Жюльен. Совсем ничем?
Клара. Ну, так, пробую. Это нелегко… Что с вами?
Жюльен. Я вас люблю.
Взгляд Жюльетты устремлен на террасу: сад в поднебесье словно продолжает гостиную.
– Бамбук в горшках! Потрясающе!
– Моя гордость и мое наваждение.
– Наваждение? Почему?
– Они могут когда‑нибудь расцвести.
– Ну, и…
– Только однажды в жизни, для многих из них это случается раз в сто двадцать семь лет. Все бамбуки одной разновидности расцветают одновременно по всему миру, где бы они ни были и когда бы их ни посадили. И потом погибают, обессиленные, тоже все одновременно. Если в этот день дует ветер, говорят, что можно услышать, как бамбук плачет.
– Вы еще и ботаник?
Королева смеется:
– Знаешь, растения на свой лад не менее удивительны, чем люди. Они общаются между собой посредством летучих химических молекул.

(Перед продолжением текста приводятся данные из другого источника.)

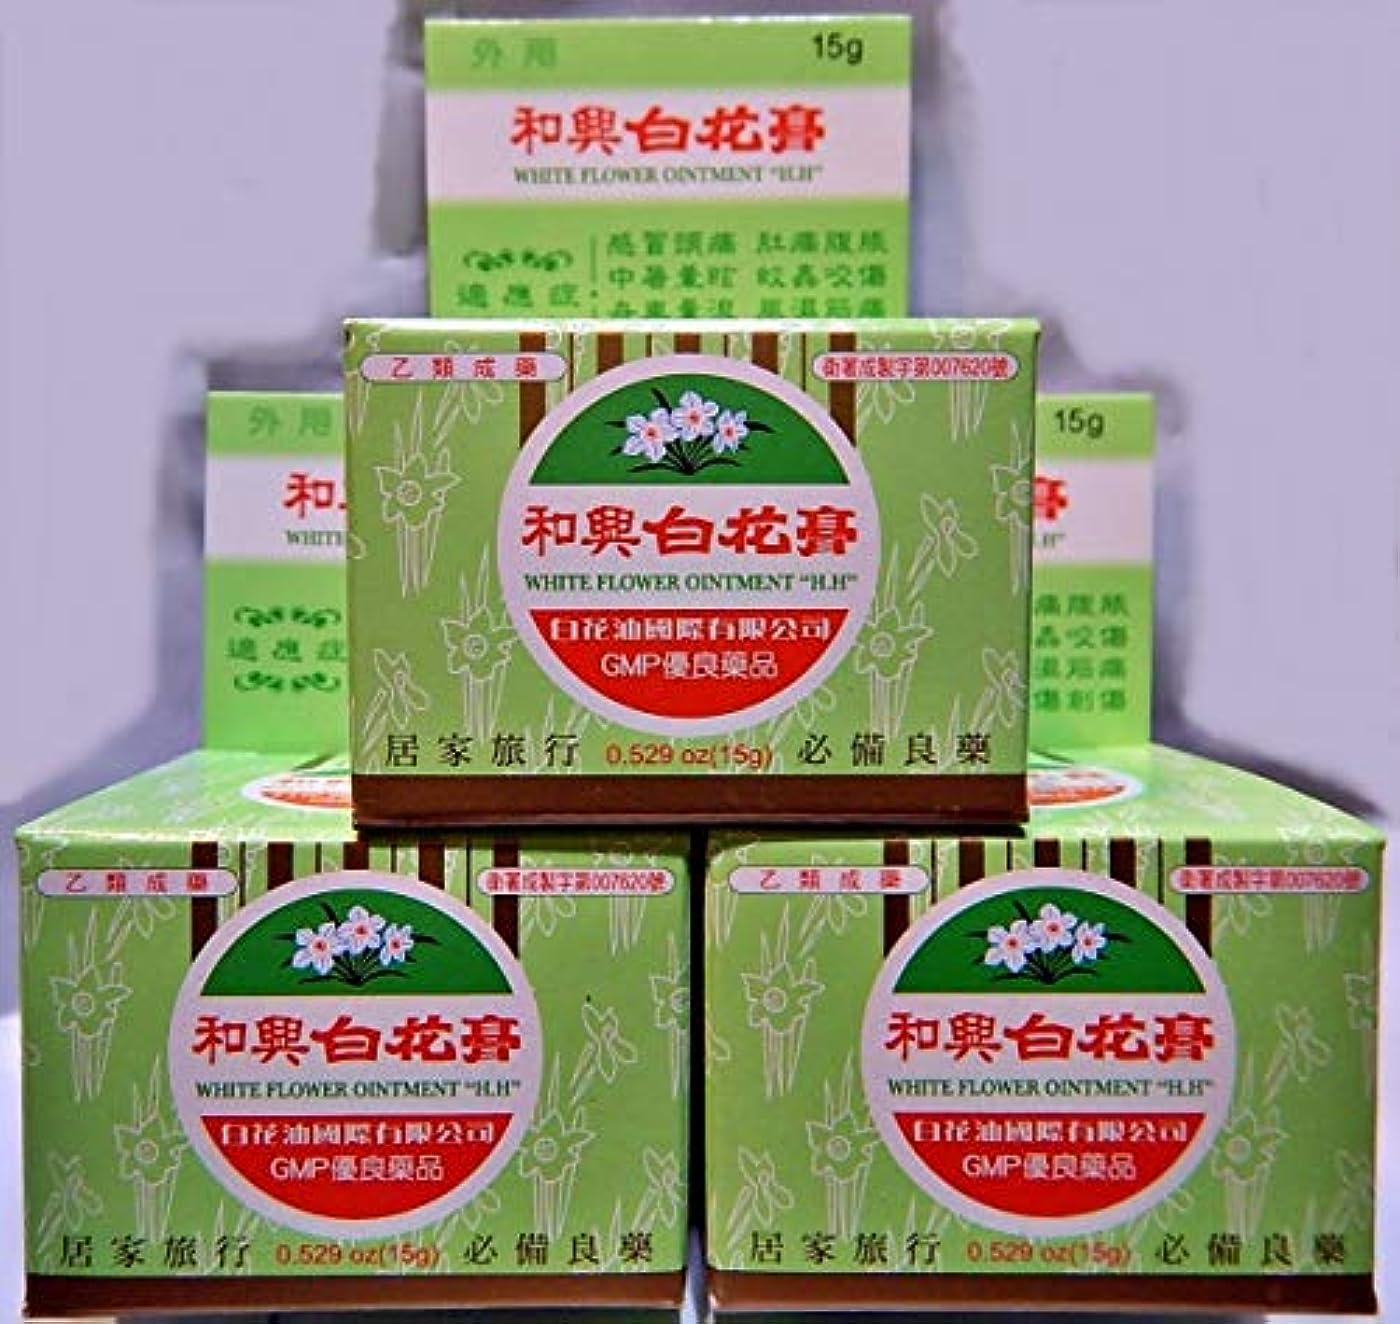 広い真剣に空気《和興》白花膏 15g(白花油軟膏タイプ)× 3個《台湾 お土産》 [並行輸入品]

– Коллективное самоубийство?
– Скорее что‑то вроде генетической памяти. Представь себе, что у нас все особи мужского пола были бы генетически идентичны, как бамбуки, и тоже испустили бы дух одновременно! – Голос Королевы вдруг наполняется чувственностью. – А мужчин в жизни женщины должно быть много. Тысяча мужчин… тысяча искр!
Тысяча? Хорошо же они здесь спрятались.
– Мужчина, который подарил вам дом…
– Ты, похоже, уже в курсе.
– Карла мне сказала… простите… я не думала…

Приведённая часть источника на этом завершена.